▸ **What to do**: Reproduce word for word the lines between those holding "PANTONE 7455 C - Tetradic Color Palette" and "LEGO Star Wars", inclusive, and nothing else from the data below.

-------------------------

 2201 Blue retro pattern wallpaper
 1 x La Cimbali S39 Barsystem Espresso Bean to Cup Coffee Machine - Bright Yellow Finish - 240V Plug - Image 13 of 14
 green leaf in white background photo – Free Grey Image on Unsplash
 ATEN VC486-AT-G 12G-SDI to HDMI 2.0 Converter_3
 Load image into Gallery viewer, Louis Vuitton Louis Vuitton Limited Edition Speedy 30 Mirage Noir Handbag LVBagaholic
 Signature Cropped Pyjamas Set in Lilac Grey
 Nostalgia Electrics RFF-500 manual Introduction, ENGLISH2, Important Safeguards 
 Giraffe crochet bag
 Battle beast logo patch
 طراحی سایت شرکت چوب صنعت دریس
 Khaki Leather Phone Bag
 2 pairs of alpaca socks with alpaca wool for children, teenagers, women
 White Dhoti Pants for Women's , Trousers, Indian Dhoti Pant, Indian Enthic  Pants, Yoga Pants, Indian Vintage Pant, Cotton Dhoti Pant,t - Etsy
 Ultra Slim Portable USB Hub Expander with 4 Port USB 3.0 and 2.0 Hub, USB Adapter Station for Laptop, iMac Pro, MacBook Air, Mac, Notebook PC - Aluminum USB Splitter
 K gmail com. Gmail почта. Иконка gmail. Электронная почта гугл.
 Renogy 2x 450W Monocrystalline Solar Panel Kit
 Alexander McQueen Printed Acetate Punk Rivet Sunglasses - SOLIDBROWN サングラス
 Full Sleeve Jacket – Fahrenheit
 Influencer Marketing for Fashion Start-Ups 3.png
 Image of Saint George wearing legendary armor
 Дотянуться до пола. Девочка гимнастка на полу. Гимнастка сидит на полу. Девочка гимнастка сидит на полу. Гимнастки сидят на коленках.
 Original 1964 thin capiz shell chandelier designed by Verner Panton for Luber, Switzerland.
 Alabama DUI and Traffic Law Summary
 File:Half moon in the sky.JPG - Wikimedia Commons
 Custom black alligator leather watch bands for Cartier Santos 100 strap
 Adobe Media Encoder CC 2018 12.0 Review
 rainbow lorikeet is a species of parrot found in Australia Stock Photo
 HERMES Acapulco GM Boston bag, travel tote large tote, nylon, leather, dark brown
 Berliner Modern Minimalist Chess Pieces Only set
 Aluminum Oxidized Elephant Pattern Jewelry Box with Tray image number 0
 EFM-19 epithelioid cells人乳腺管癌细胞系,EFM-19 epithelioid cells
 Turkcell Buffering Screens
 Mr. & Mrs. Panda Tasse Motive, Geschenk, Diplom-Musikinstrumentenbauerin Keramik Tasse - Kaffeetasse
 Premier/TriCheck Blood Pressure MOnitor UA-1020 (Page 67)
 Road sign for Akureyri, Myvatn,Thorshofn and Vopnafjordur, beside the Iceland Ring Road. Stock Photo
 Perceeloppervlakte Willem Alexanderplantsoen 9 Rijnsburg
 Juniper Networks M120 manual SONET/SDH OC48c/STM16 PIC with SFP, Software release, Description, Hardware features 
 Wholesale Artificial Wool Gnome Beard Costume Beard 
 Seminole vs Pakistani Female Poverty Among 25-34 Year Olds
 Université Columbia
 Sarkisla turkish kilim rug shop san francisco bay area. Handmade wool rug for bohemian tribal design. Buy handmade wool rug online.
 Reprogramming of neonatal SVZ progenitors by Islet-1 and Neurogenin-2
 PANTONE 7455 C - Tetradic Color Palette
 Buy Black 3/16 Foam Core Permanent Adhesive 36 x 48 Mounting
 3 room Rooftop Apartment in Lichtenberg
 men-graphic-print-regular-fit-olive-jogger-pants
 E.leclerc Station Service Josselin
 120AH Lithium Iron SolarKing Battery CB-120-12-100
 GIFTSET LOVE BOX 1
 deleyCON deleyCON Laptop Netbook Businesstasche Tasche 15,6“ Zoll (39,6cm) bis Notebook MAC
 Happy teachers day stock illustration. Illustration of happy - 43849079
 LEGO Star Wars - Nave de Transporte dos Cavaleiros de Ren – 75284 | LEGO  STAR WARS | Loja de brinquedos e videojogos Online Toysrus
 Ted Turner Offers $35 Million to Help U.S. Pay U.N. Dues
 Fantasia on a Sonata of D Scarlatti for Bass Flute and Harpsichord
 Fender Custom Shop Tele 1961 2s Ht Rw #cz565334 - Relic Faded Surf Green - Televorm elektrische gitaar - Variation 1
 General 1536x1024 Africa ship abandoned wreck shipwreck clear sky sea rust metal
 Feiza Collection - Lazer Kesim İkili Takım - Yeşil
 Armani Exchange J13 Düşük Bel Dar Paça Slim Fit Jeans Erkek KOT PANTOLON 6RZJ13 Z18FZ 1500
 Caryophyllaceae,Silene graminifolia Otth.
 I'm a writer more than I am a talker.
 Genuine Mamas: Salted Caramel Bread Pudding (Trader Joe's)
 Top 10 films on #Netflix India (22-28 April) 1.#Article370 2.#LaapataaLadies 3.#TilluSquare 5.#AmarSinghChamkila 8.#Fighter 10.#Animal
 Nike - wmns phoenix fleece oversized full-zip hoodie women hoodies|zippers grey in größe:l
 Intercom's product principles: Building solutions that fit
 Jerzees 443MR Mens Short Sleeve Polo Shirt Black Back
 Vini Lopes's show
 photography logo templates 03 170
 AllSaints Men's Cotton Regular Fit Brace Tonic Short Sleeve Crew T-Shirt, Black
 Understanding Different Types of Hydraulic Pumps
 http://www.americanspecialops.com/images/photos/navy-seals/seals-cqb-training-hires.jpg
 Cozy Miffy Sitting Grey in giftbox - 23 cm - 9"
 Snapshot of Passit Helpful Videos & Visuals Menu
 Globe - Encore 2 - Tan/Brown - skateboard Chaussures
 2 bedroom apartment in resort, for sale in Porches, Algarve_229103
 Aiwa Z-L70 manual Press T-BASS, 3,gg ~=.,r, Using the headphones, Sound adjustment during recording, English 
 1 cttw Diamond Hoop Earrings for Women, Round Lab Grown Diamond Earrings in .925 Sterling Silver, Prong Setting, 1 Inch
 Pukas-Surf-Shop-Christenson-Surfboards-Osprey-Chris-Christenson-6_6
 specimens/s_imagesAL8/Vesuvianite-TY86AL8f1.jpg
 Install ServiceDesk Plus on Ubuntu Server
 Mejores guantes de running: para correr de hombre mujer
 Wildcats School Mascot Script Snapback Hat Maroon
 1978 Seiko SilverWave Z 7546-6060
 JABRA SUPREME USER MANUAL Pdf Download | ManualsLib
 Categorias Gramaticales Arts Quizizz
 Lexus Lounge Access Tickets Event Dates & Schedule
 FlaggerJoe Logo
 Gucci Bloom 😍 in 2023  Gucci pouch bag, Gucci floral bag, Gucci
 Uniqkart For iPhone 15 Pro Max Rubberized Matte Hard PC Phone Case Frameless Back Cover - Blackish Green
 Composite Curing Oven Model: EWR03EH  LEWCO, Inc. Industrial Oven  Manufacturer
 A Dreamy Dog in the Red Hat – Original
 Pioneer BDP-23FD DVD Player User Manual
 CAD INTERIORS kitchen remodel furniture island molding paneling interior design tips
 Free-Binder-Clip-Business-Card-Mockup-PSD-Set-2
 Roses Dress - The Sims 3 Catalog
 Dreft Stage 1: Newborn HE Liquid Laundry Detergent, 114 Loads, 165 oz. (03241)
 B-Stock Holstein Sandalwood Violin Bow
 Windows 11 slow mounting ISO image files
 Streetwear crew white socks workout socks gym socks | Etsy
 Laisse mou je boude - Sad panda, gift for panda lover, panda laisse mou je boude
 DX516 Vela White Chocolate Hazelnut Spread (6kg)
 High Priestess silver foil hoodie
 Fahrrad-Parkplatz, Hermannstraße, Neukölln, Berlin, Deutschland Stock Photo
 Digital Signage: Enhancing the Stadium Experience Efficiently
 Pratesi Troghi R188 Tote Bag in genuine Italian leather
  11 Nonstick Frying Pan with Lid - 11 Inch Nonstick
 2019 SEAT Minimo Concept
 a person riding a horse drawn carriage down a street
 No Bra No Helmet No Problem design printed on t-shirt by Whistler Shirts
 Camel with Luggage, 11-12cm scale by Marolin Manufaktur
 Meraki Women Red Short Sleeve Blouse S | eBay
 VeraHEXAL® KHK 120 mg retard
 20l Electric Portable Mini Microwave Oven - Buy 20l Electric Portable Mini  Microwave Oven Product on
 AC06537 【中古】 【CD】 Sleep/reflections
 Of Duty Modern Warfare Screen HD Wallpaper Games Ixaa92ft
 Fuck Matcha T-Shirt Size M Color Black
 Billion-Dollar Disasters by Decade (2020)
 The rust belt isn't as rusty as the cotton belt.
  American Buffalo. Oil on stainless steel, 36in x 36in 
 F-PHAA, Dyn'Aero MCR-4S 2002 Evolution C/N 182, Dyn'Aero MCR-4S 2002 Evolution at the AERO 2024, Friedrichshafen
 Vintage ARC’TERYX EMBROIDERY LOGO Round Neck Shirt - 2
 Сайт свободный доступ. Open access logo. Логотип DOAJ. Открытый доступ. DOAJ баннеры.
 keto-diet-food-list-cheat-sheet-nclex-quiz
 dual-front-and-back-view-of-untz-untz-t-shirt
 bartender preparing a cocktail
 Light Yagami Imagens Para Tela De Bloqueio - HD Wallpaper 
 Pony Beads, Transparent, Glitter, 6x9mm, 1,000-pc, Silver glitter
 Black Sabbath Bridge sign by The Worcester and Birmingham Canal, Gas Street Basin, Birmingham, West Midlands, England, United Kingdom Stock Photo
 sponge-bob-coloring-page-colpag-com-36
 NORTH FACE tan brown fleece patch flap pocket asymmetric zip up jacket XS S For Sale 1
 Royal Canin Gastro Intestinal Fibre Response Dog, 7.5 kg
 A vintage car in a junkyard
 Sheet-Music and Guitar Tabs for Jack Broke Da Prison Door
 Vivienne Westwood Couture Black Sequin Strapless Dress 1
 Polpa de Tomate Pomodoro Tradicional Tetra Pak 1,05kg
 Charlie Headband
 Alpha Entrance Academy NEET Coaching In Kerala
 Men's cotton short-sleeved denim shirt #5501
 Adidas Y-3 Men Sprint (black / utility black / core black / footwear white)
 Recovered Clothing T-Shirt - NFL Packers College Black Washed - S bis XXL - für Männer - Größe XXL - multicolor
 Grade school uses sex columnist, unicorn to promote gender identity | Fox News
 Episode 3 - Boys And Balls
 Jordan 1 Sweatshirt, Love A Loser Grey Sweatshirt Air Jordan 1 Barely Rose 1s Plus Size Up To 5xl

-------------------------

▸ **Exercise output**:
 PANTONE 7455 C - Tetradic Color Palette
 Buy Black 3/16 Foam Core Permanent Adhesive 36 x 48 Mounting
 3 room Rooftop Apartment in Lichtenberg
 men-graphic-print-regular-fit-olive-jogger-pants
 E.leclerc Station Service Josselin
 120AH Lithium Iron SolarKing Battery CB-120-12-100
 GIFTSET LOVE BOX 1
 deleyCON deleyCON Laptop Netbook Businesstasche Tasche 15,6“ Zoll (39,6cm) bis Notebook MAC
 Happy teachers day stock illustration. Illustration of happy - 43849079
 LEGO Star Wars - Nave de Transporte dos Cavaleiros de Ren – 75284 | LEGO  STAR WARS | Loja de brinquedos e videojogos Online Toysrus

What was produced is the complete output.